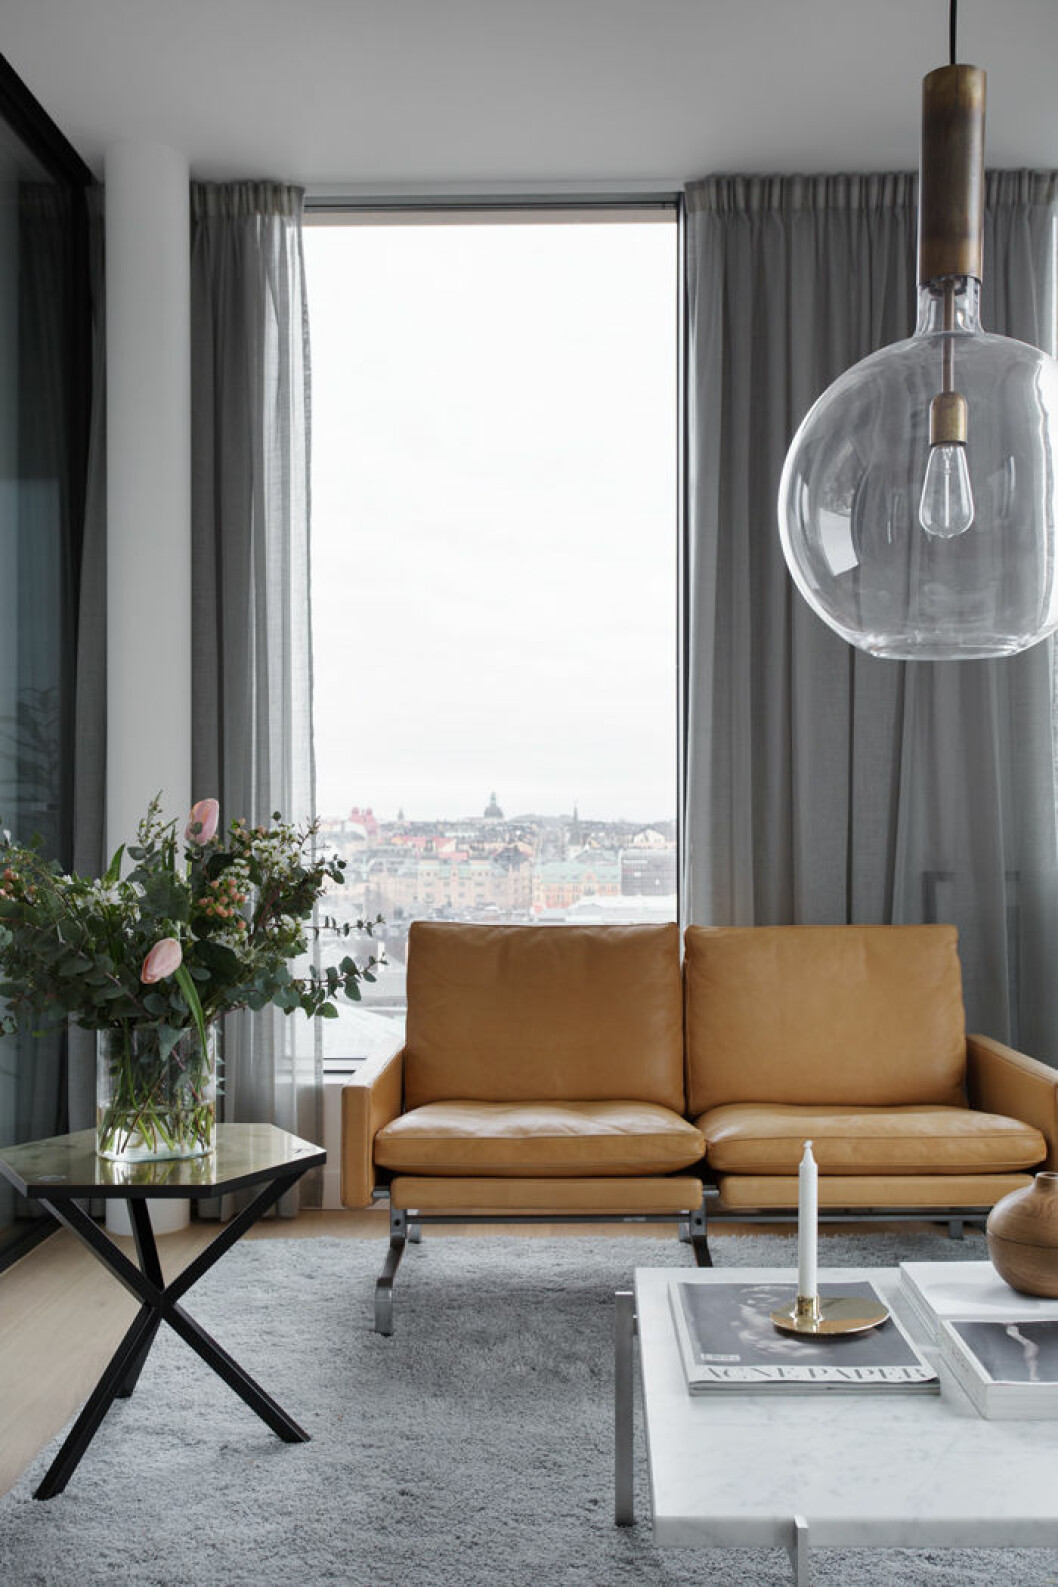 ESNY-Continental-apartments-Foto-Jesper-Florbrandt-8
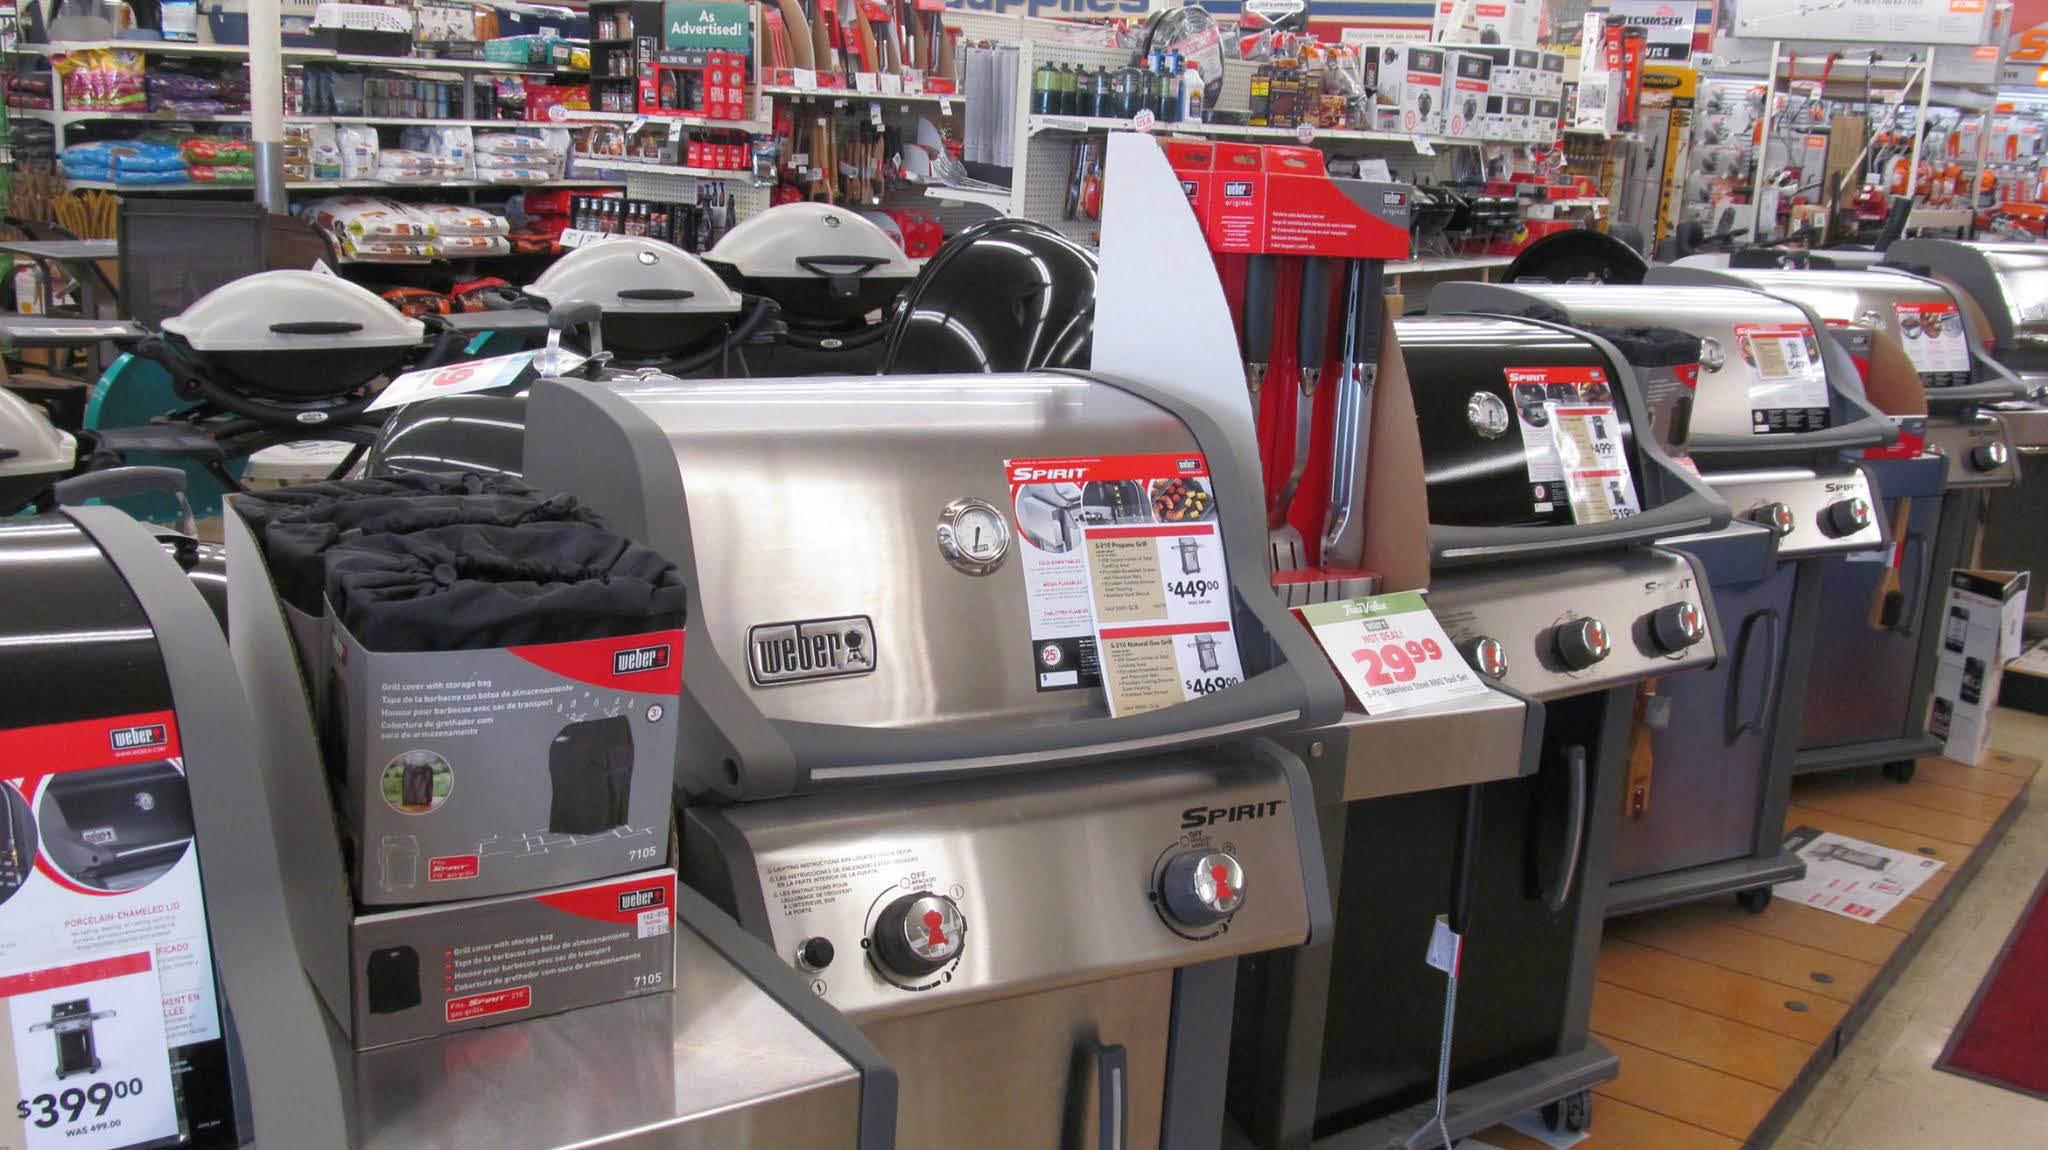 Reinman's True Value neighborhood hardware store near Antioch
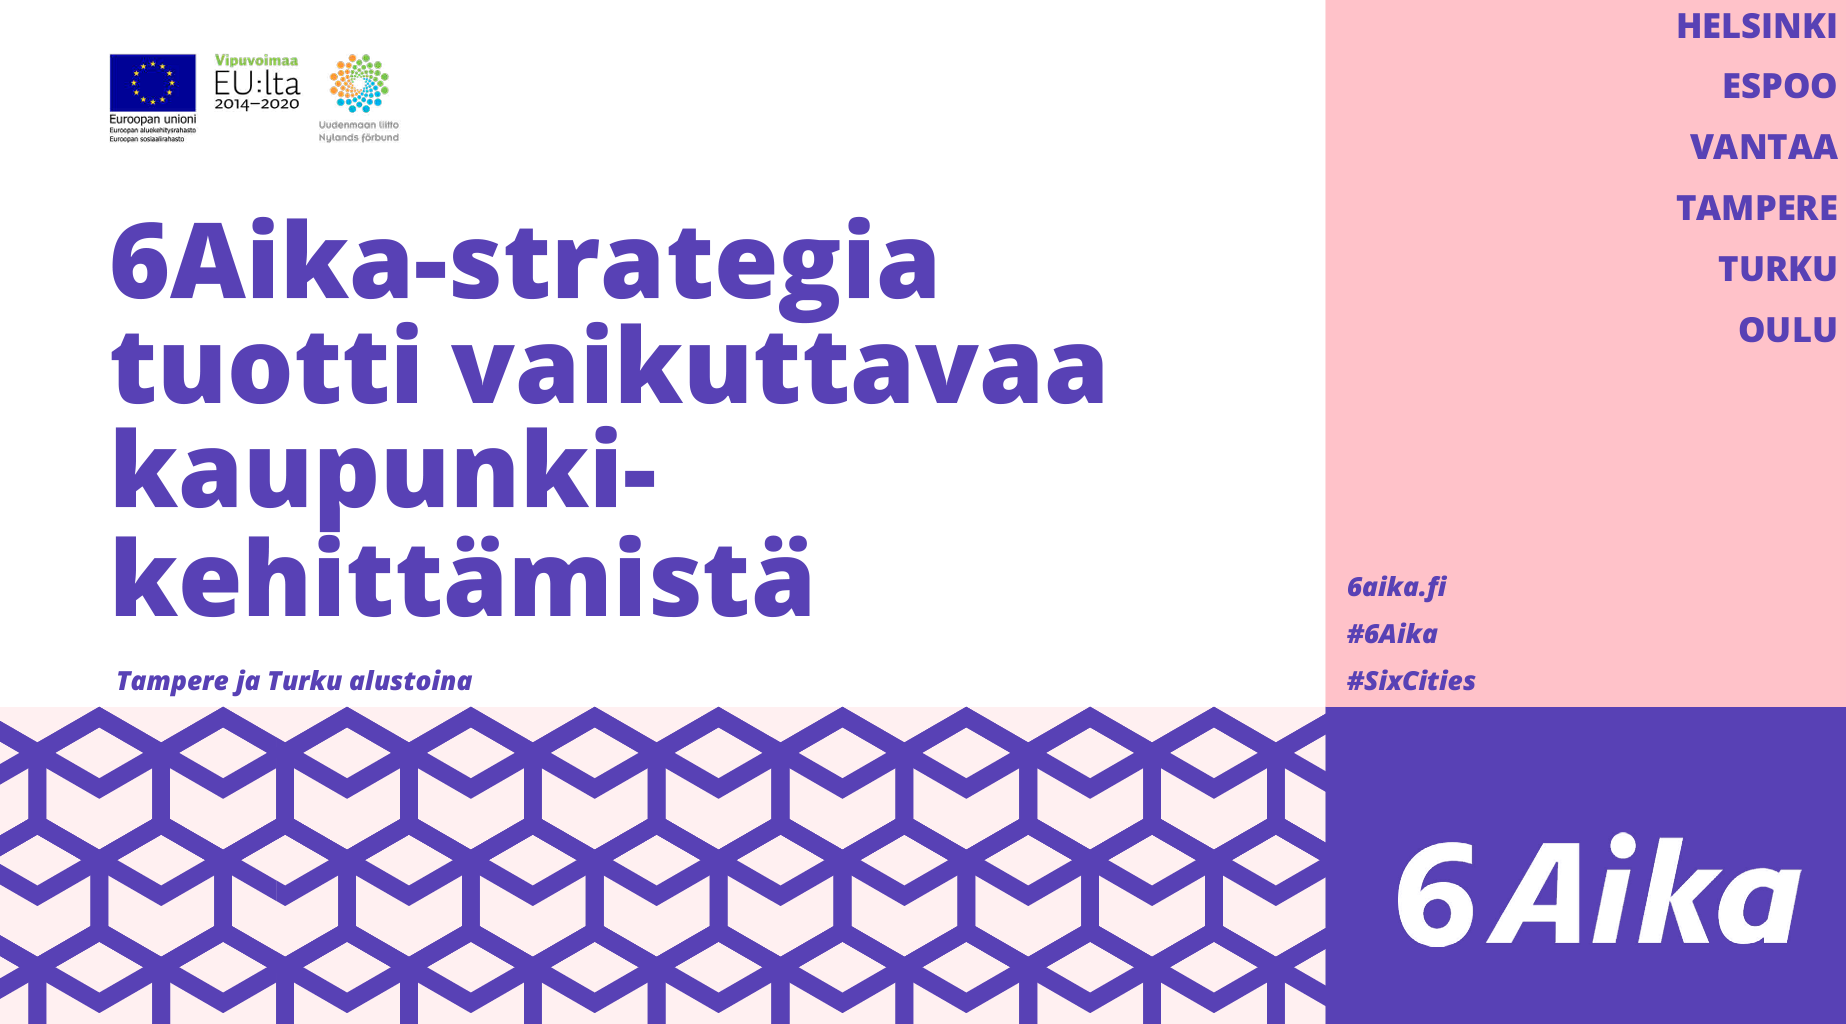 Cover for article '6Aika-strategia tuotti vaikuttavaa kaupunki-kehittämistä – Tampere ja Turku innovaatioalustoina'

**Activity:**
Copy every line of the data word for word, omitting the images.

**Solution below:**
 ESNY-Continental-apartments-Foto-Jesper-Florbrandt-8
 Reinman's True Value neighborhood hardware store near Antioch
 Cover for article '6Aika-strategia tuotti vaikuttavaa kaupunki-kehittämistä – Tampere ja Turku innovaatioalustoina'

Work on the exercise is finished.